DATA IN THIS EXERCISE:

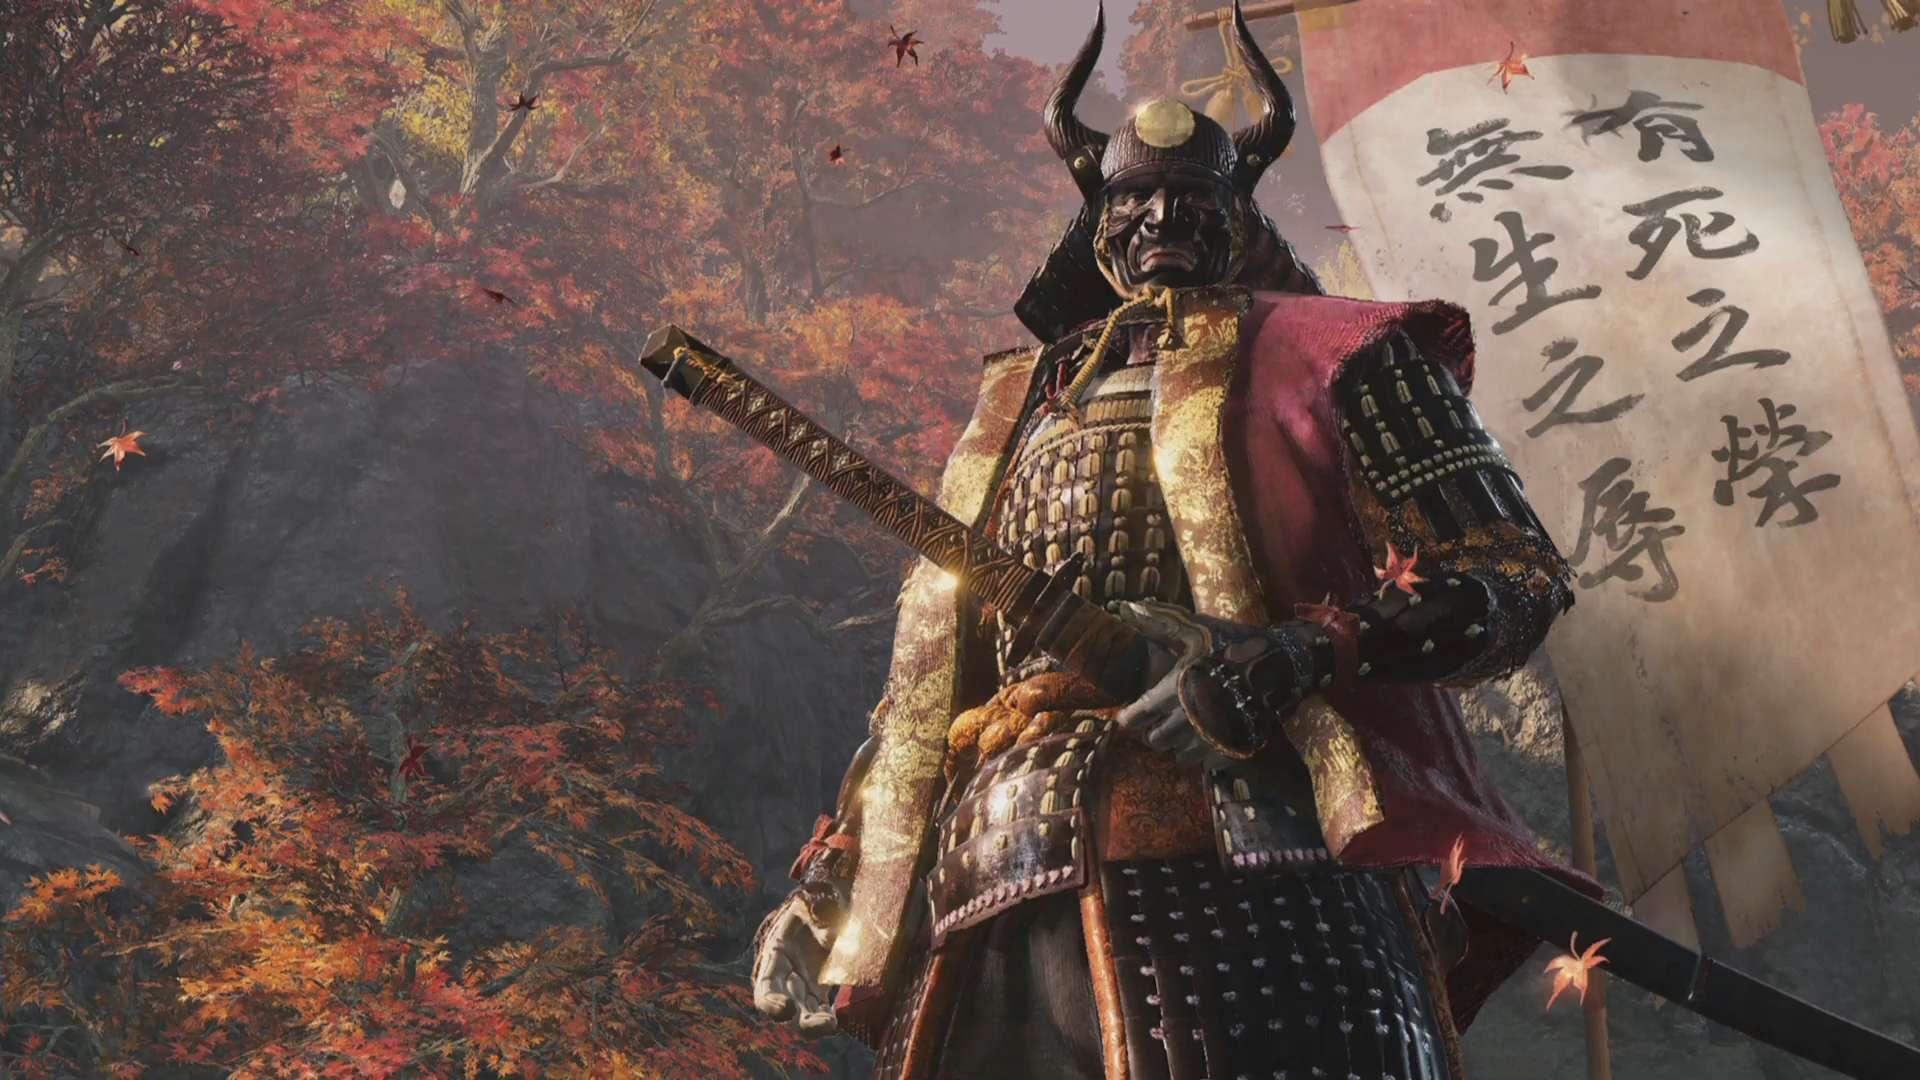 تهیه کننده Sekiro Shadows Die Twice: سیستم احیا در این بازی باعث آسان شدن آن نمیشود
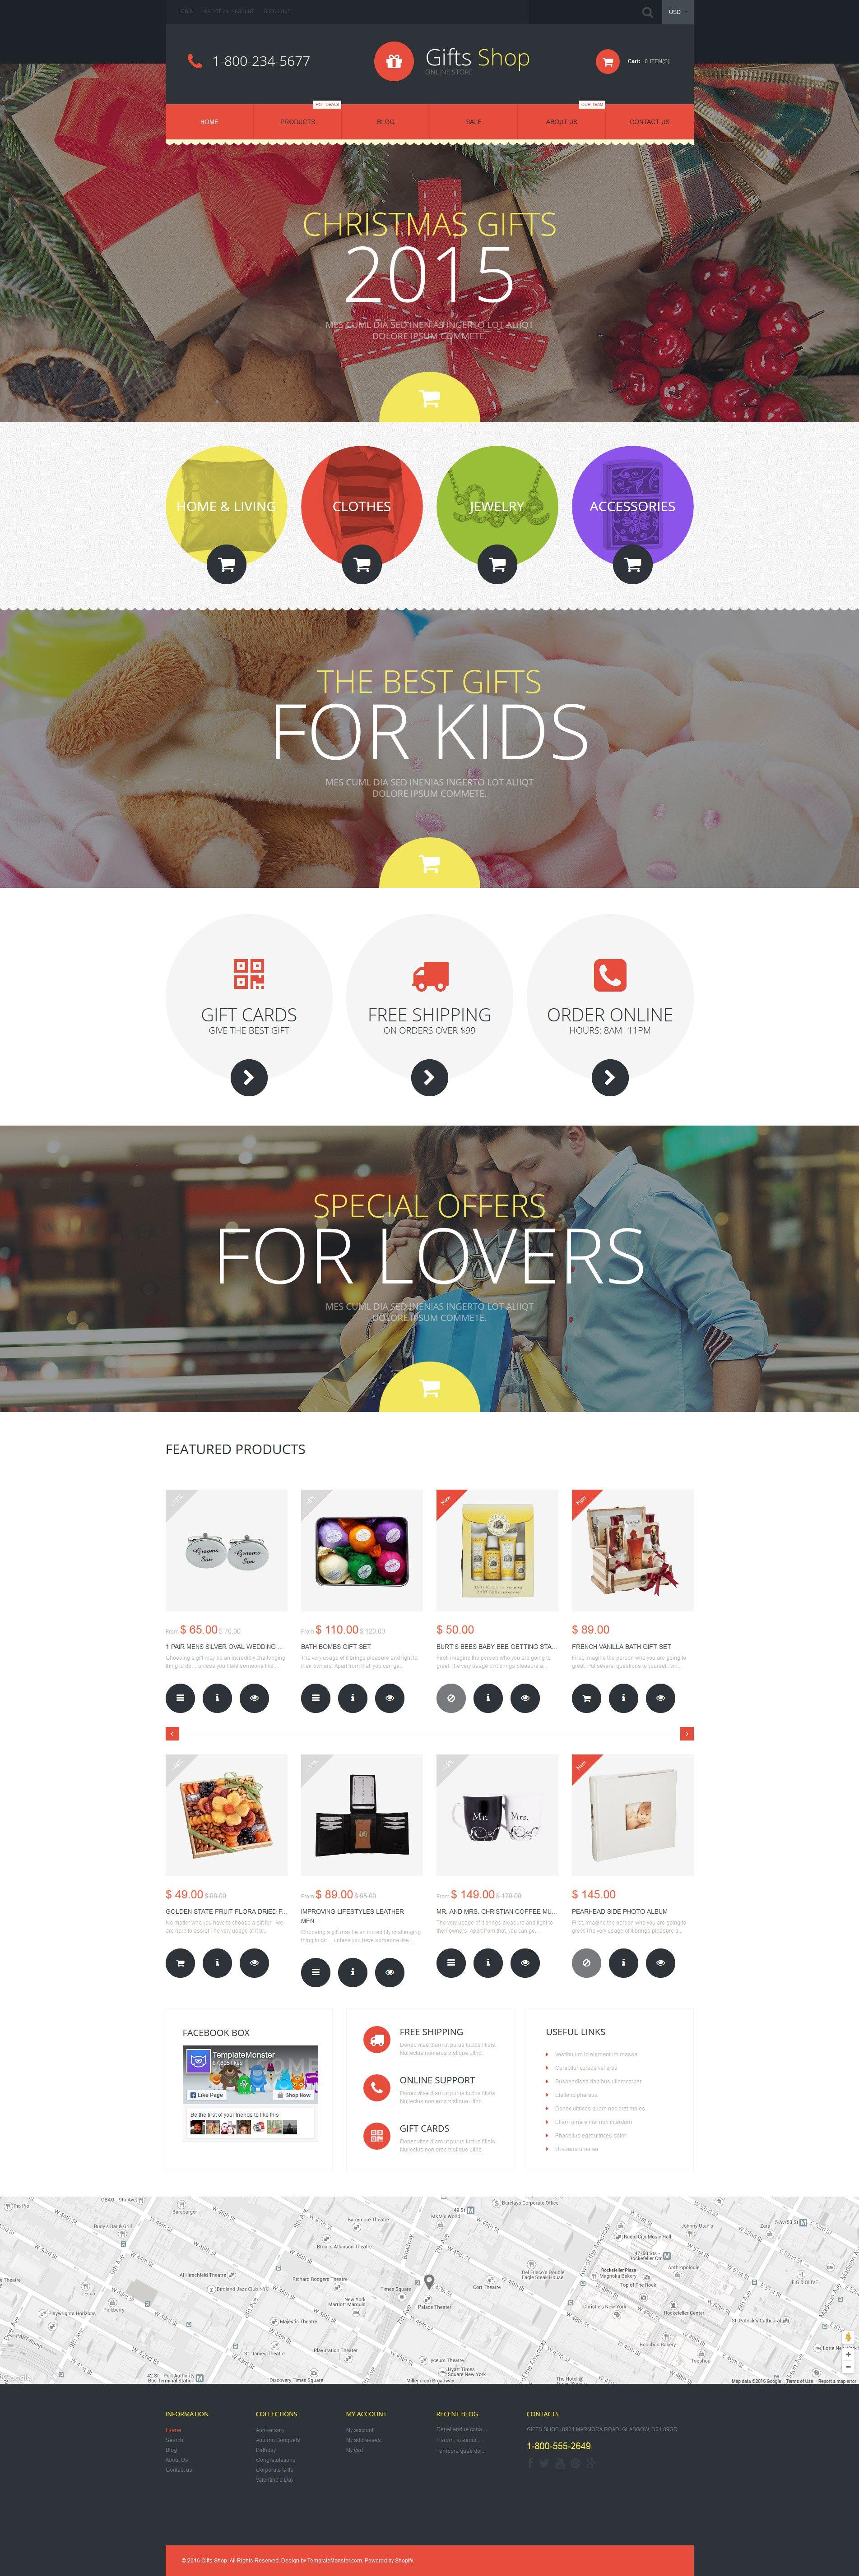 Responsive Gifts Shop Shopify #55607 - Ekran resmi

* * *

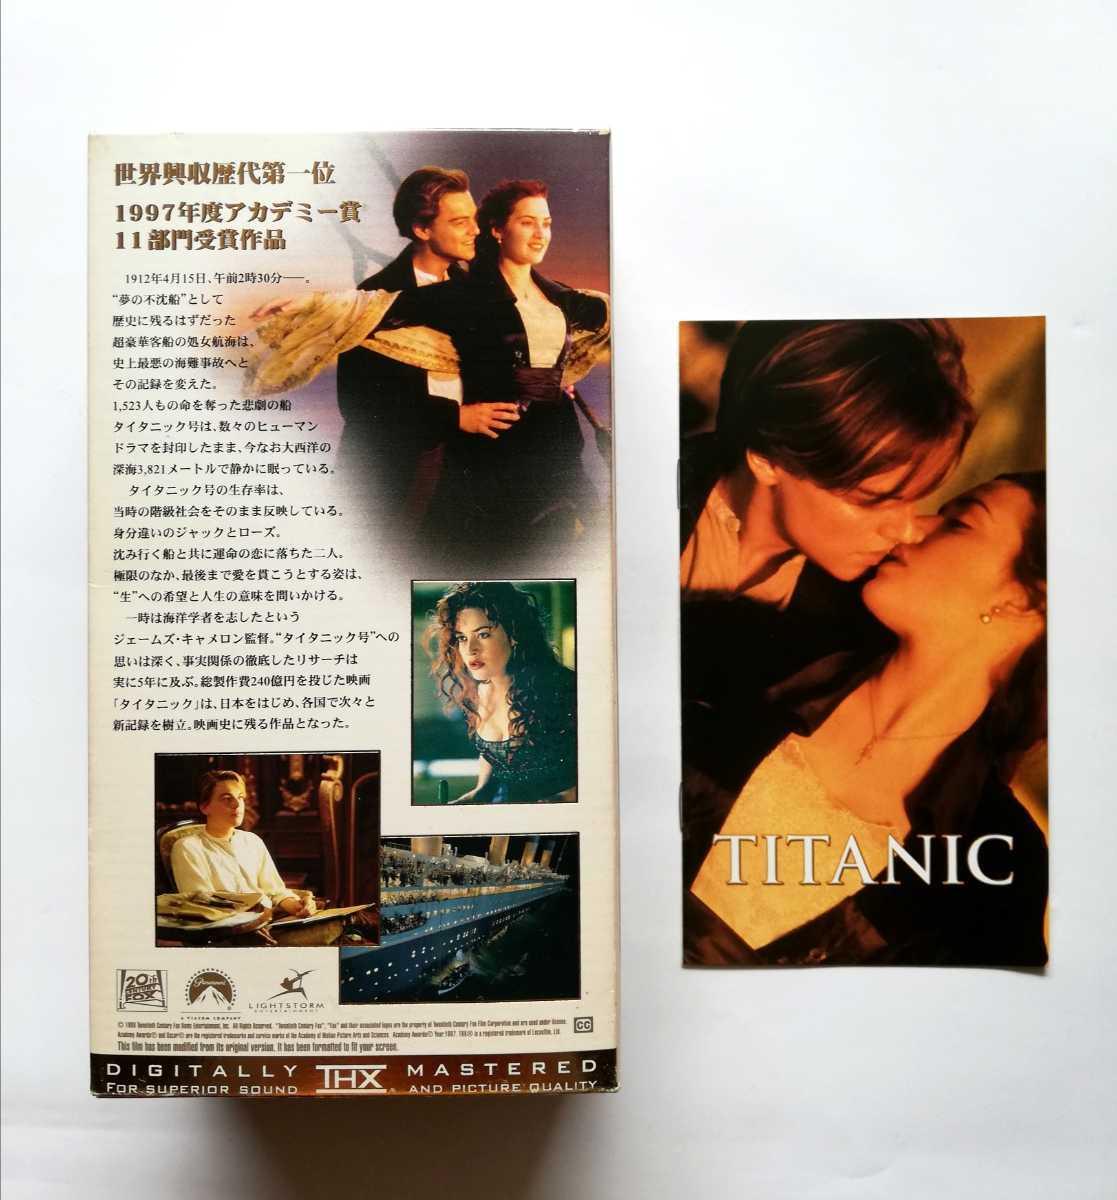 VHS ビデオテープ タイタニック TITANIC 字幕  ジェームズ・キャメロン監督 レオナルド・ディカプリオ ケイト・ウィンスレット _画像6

EXERCISE OBJECTIVE:
Without the pictures, give again exactly the lines above starting at the line containing "تهیه کننده Sekiro" and ending at the line containing "Responsive Gifts Shop".

EXERCISE RESPONSE:
 تهیه کننده Sekiro Shadows Die Twice: سیستم احیا در این بازی باعث آسان شدن آن نمیشود
 Responsive Gifts Shop Shopify #55607 - Ekran resmi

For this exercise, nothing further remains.